En 1917, la cathédrale de la Résurrection et la Mission japonaise, perdirent le soutien financier de la Russie. On ferma le séminaire et l’école de filles.
Le grand tremblement de terre du 1er septembre 1923 causa d’importants dommages à l’église. Un concile extraordinaire réuni le 20 octobre 1923 décida de restaurer l’église malgré la baisse brutale du nombre de paroissiens. La consécration de l’église restaurée eut lieu le 15 décembre 1929.
En 1946, l’église est à nouveau dans un état alarmant.

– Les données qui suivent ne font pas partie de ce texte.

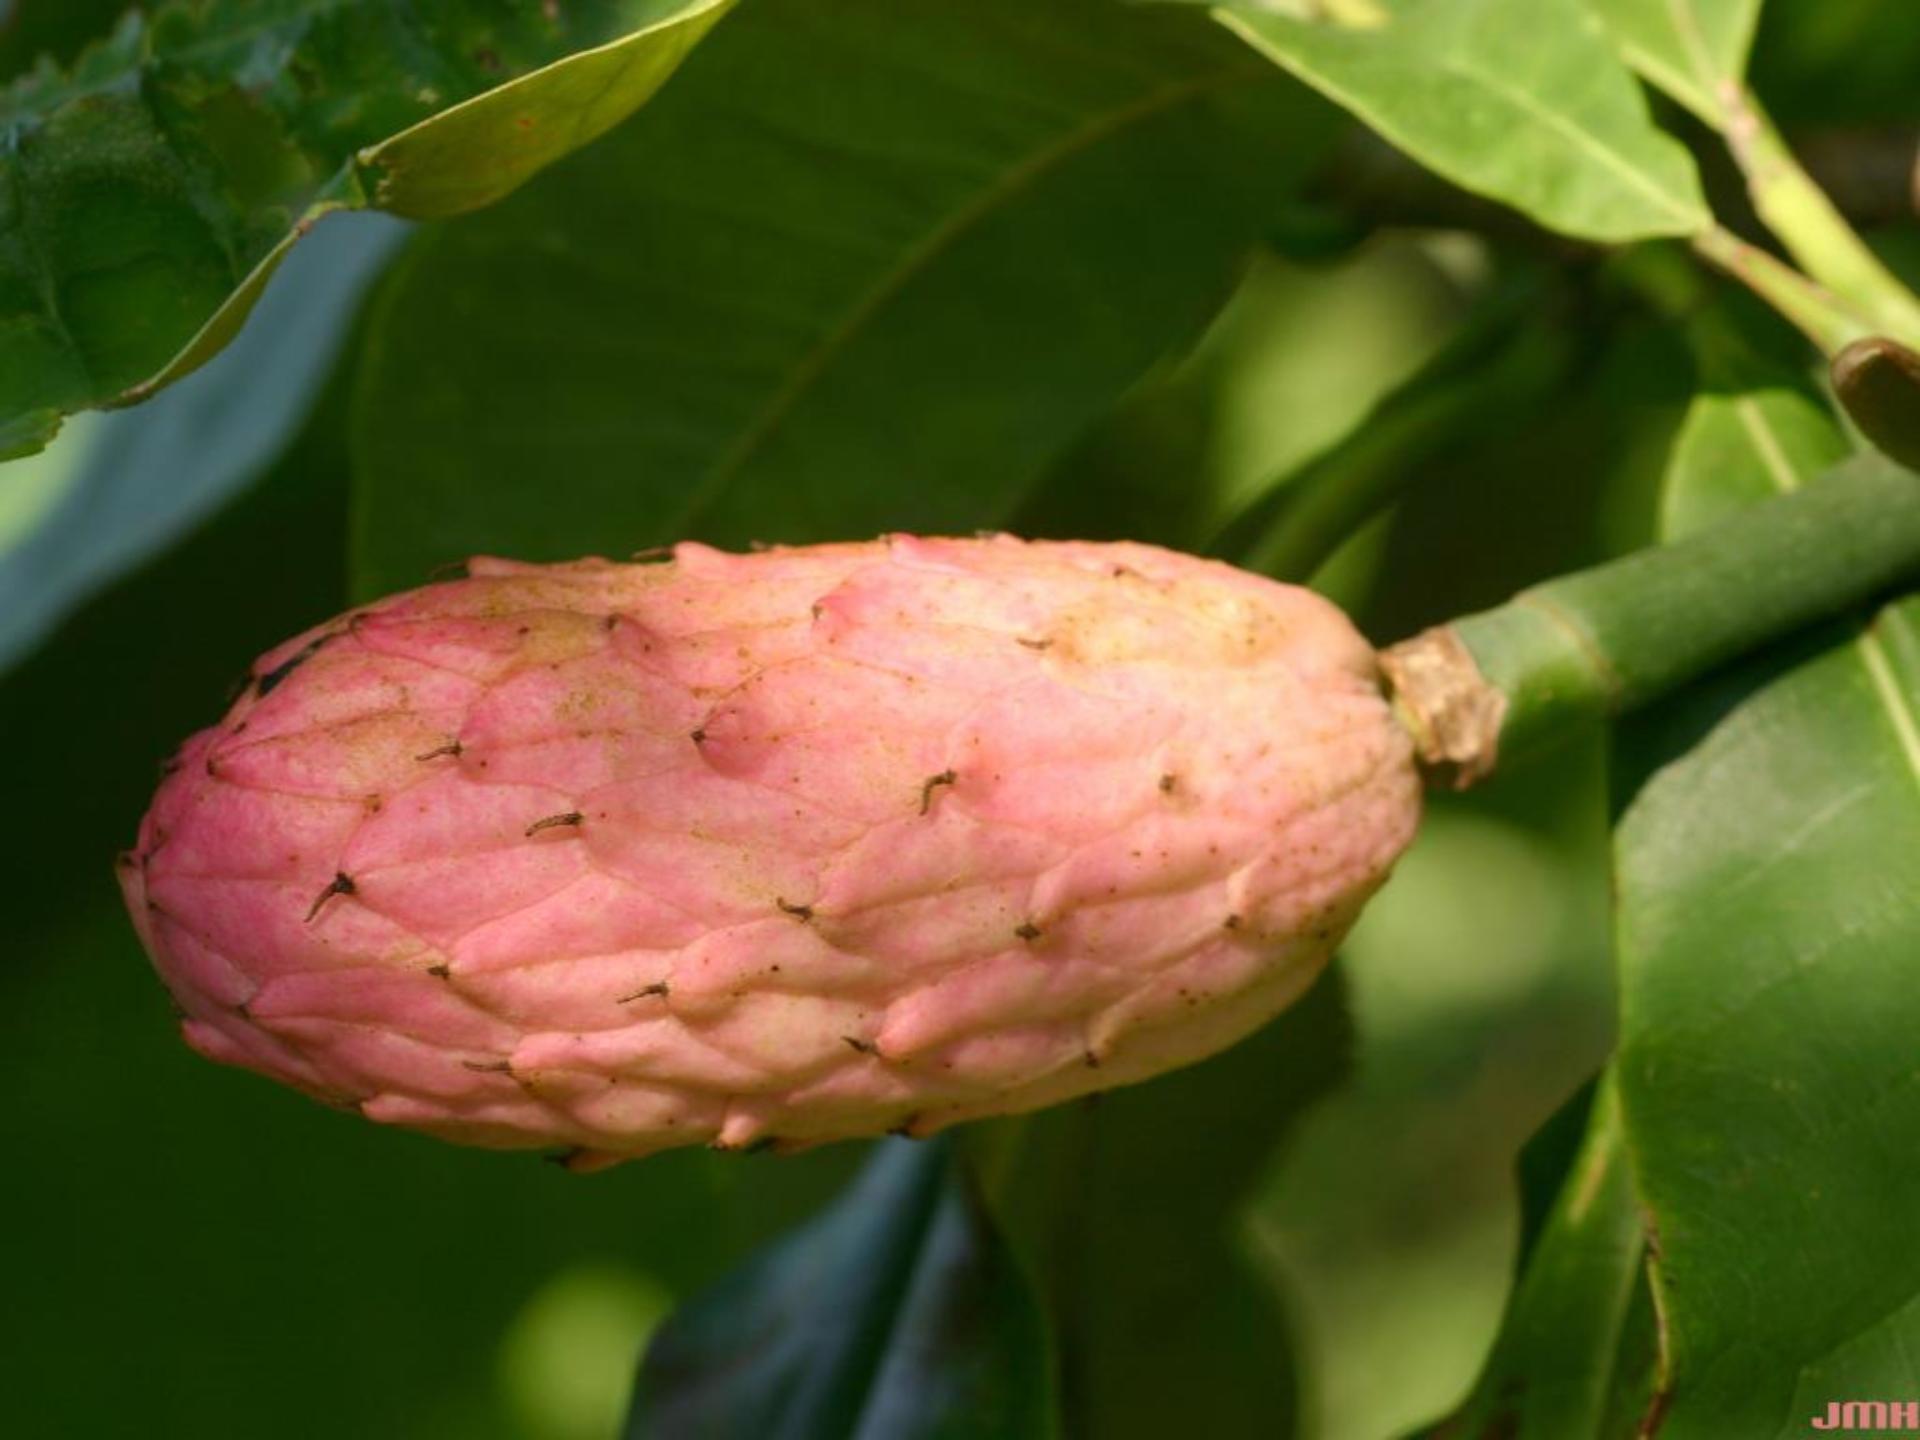 Magnolia tripetala L. (umbrella magnolia), fruit

Les offices sont pratiquement interrompus.
Ils reprennent en 1949. En décembre 1950 un Comité rassemblant des paroissiens de trois nationalités – Japonais, Russes et Grecs – est créé afin de collecter des fonds pour la restauration de l’église.
En 1950, une école ouvrit. Une communauté de sœurs commence à se rassembler dès 1951, le séminaire rouvrit le 7 octobre 1954.
En 1962, la cathédrale de la Résurrection est inscrite au patrimoine culturel du Japon.
L’église reçoit le statut de cathédrale de l’Église orthodoxe japonaise autonome le 22 mars 1972. En novembre 1974, elle crée son propre journal.
Le 19 mars 1978, on procéda à la bénédiction d’une chapelle dédiée à saint Nicolas du Japon. La cathédrale est à nouveau ouverte à tous les visiteurs.
En 1990, on entreprit à nouveau de collecter des fonds pour restaurer l’église. Les travaux commencèrent en février 1991. Le 10 mai 1998, l’église restaurée est à nouveau consacrée.
Un monastère a ouvert en 2005 autour de la chapelle Saint-Nicolas.